Harassing the turtle will make it less receptive to your attempts to tame it.

Infographic about taming turtles

Infographic about taming a pet turtle
Infographic about taming a pet turtle

Frequently Asked Questions

Can you tame a turtle?

Yes, you can. Although you cannot domesticate a turtle you can make it more receptive to you and your interactions with it.

Are turtles difficult to tame?

Taming a turtle is usually not easy. Turtles are not social animals such as dogs.

As such, they typically prefer to be alone. However, with regular interaction, the turtle can get used to you. After a period of time, the turtle will approach you when you get closer to its enclosure.

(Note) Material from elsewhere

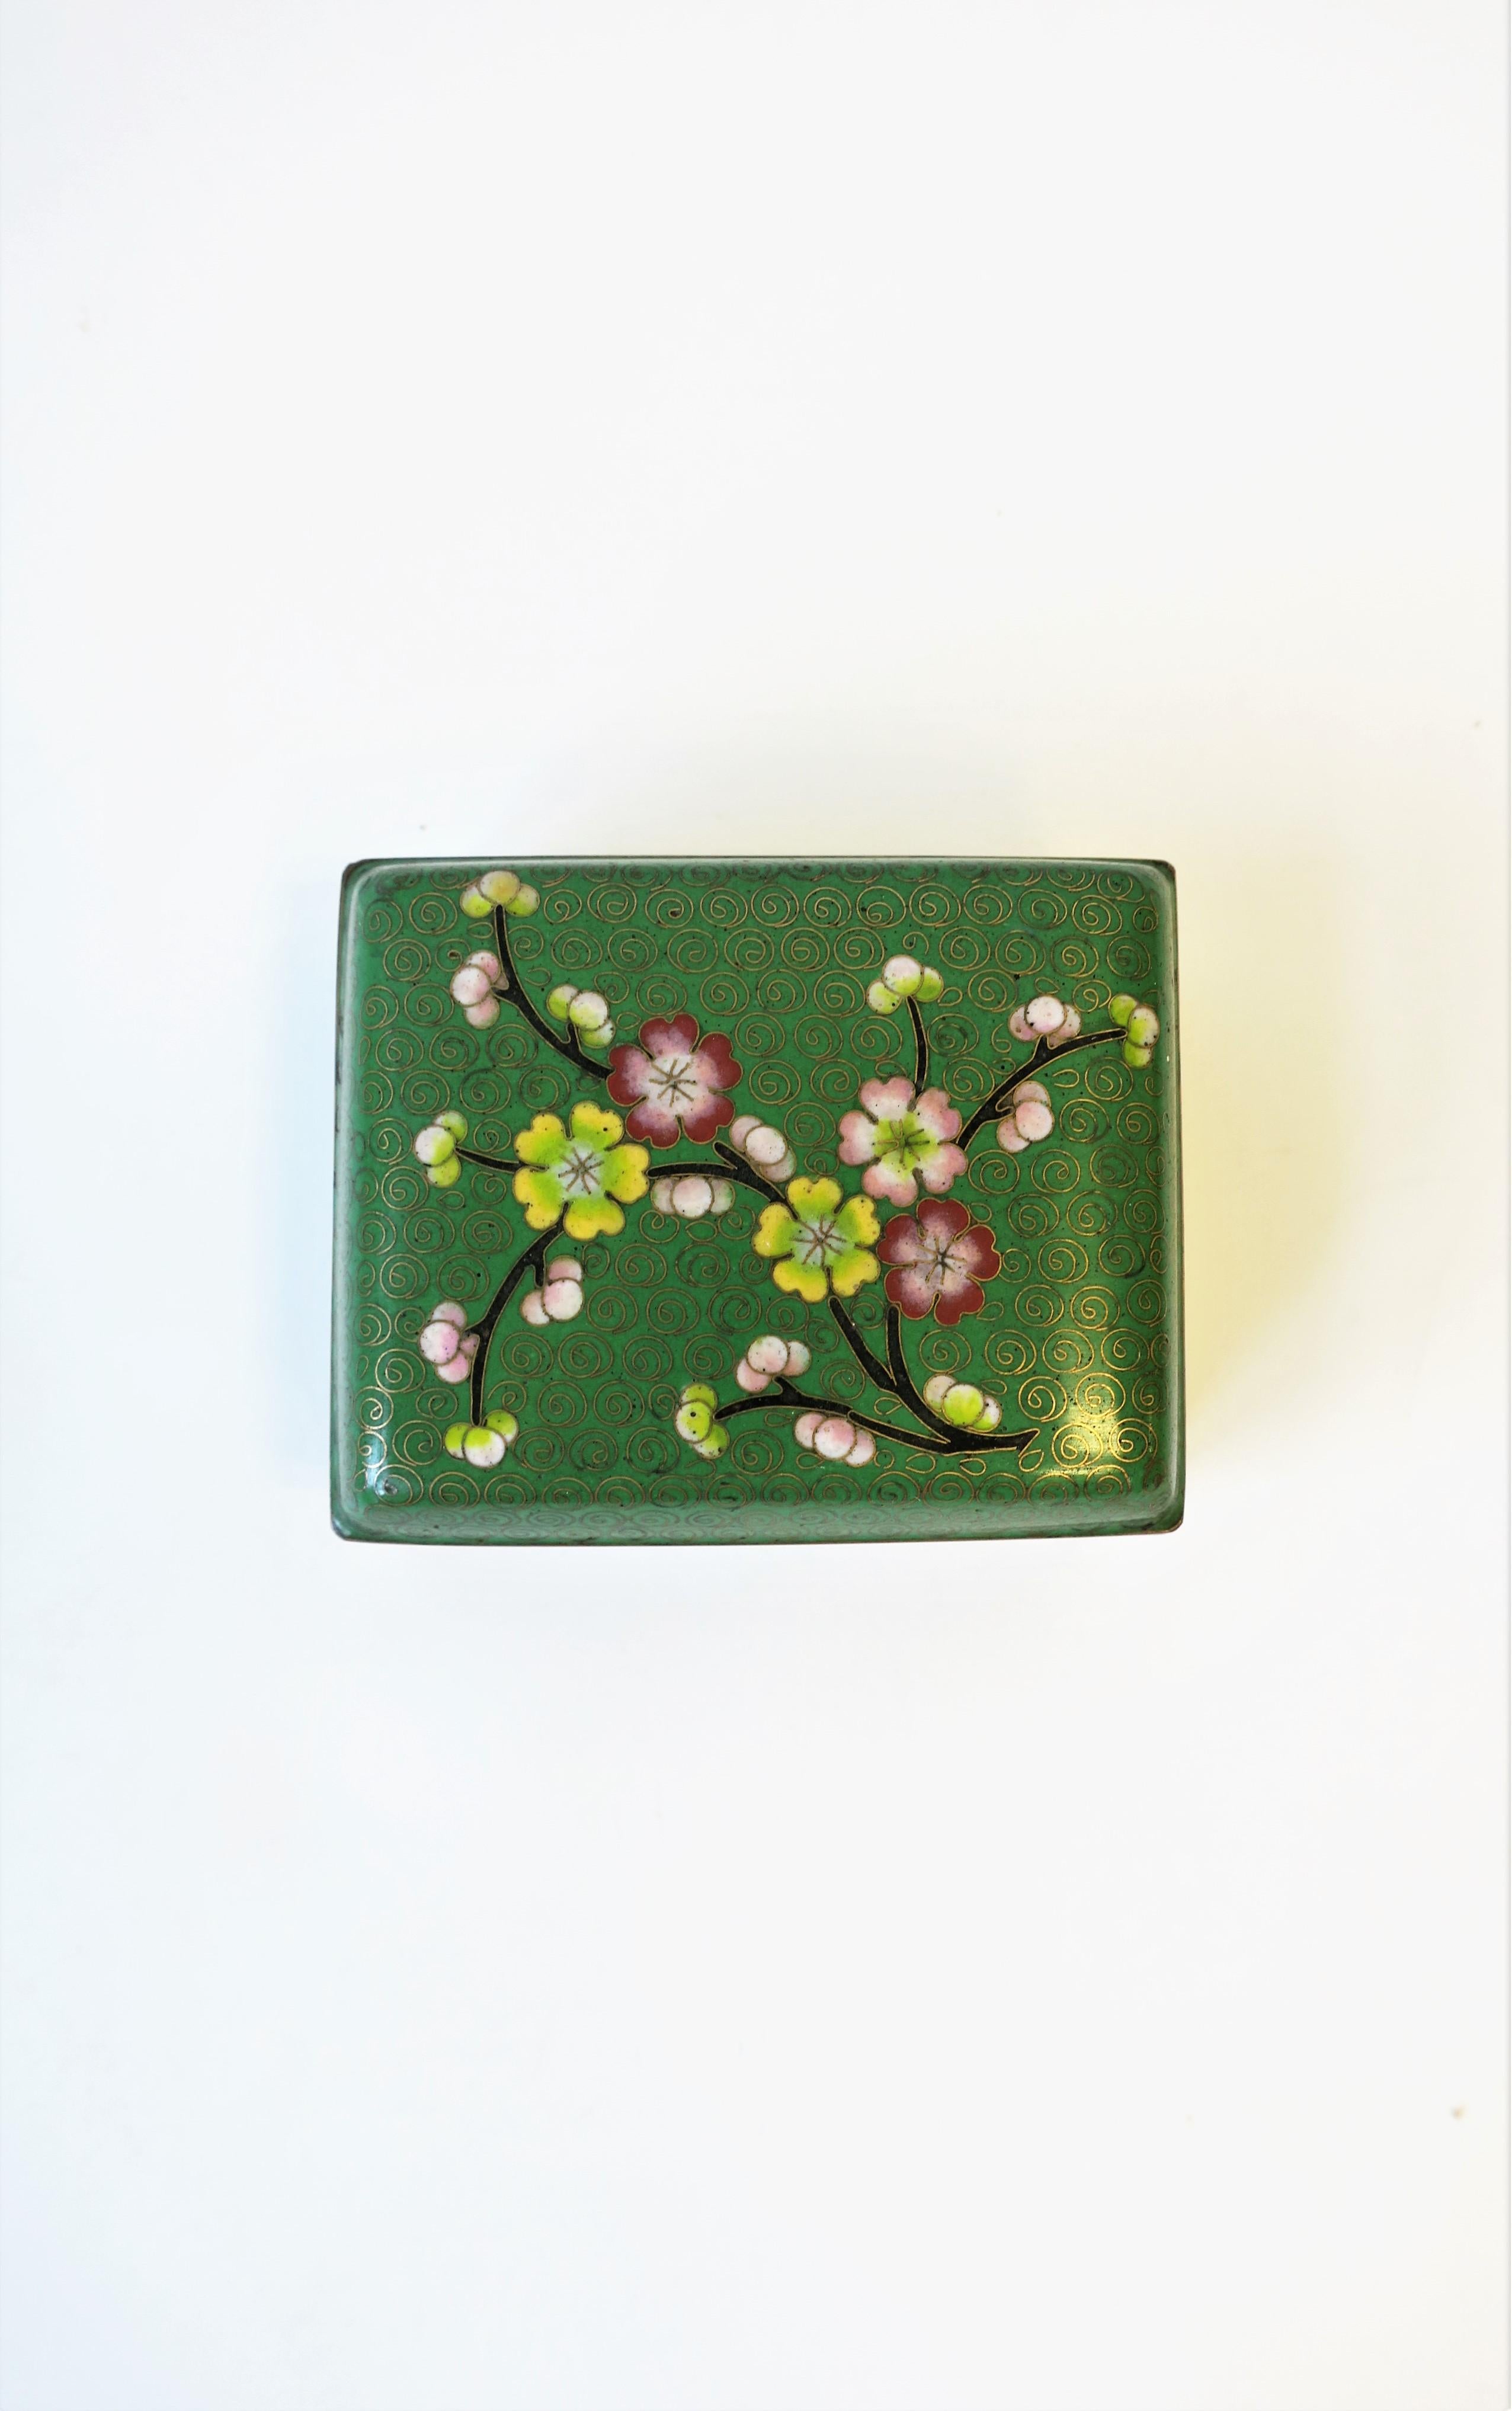 Schmuckkästchen aus Cloisonné-Email und Messing mit Kirschblütenmotiv, ca. Ende des 20. Jahrhunderts. Die Box eignet sich hervorragend für Schmuck oder kleine Gegenstände auf dem Waschtisch, Schreibtisch, Nachttisch etc. Zu den Farben gehören Grün,
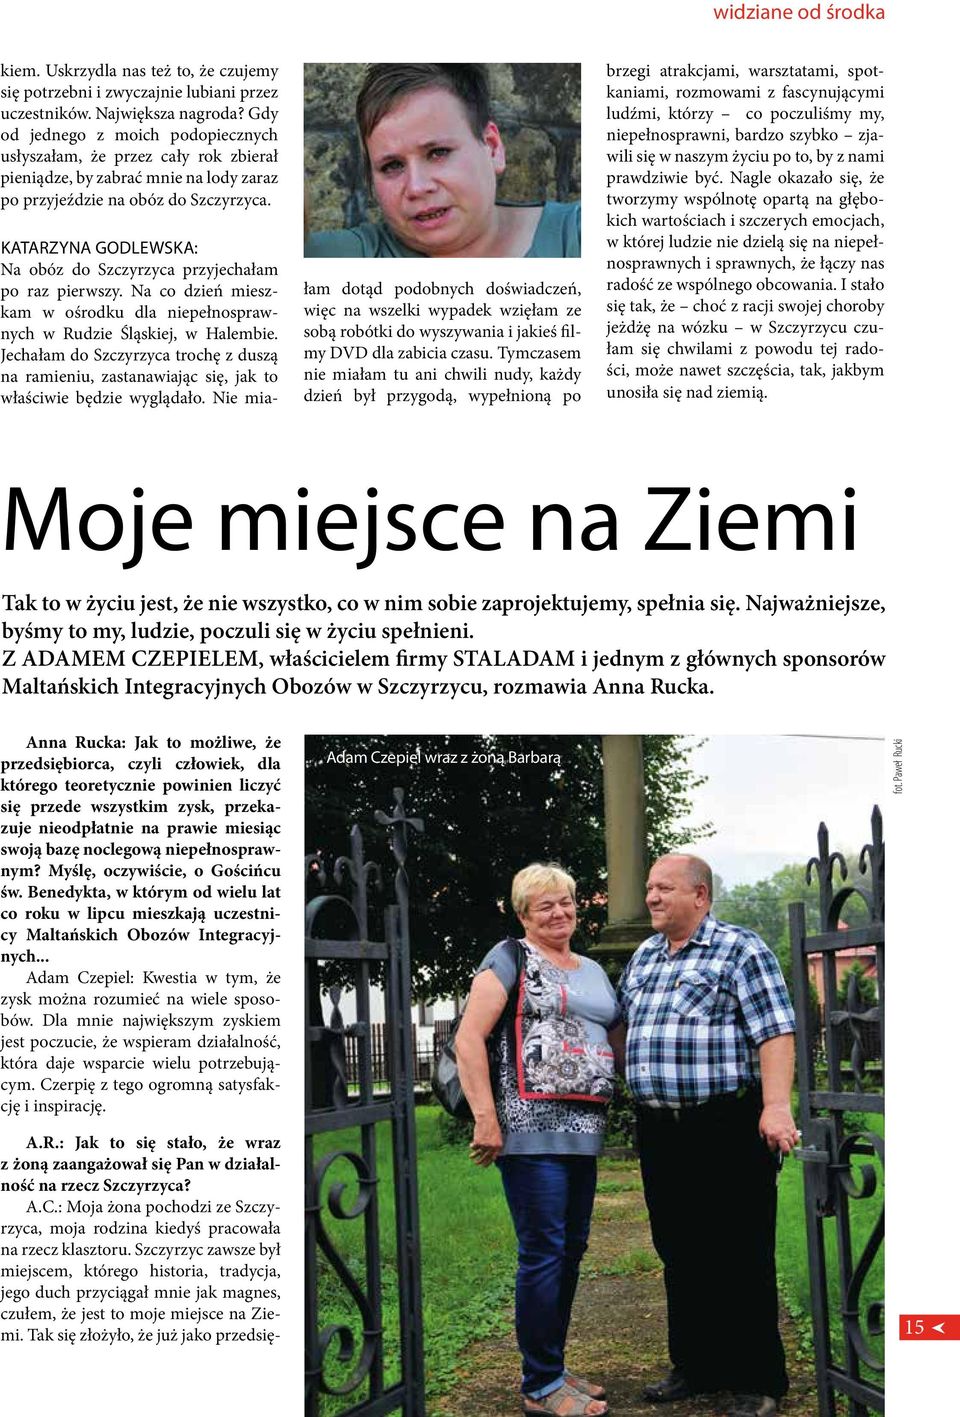 Katarzyna Godlewska: Na obóz do Szczyrzyca przyjechałam po raz pierwszy. Na co dzień mieszkam w ośrodku dla niepełnosprawnych w Rudzie Śląskiej, w Halembie.

Wild turtles are harder to tame as they are used to human interaction. If the turtle is raised from birth by a human, it will be easier to tame.

Can you keep a wild turtle as a pet?

It isn’t advisable to keep a wild turtle as a pet. For starters, the turtle isn’t used to living in an enclosure.

The location change will severely stress out the turtle. Wild turtles are not used to foods you will feed them.

The turtle will also not be comfortable with human interaction. Wild turtles generally find it difficult to adapt to life as a pet. Keeping wild turtles as a pet can also be illegal in your locale.


Turtles are difficult pets to tame. This is because they aren’t social creatures.

However with consistency and regular interaction you can tame a turtle. It is essential not to overdo it while you try to tame your pet turtle.

Limit your interaction to at most 20 minutes a day. The best way to tame a turtle is by hand-feeding it. You can also pet your turtle to tame it.

Not all turtles are tameable. This is especially true of wild turtles.

Captive-bred turtles are much easier to tame since they are used to human interaction and may interact with humans their entire lives.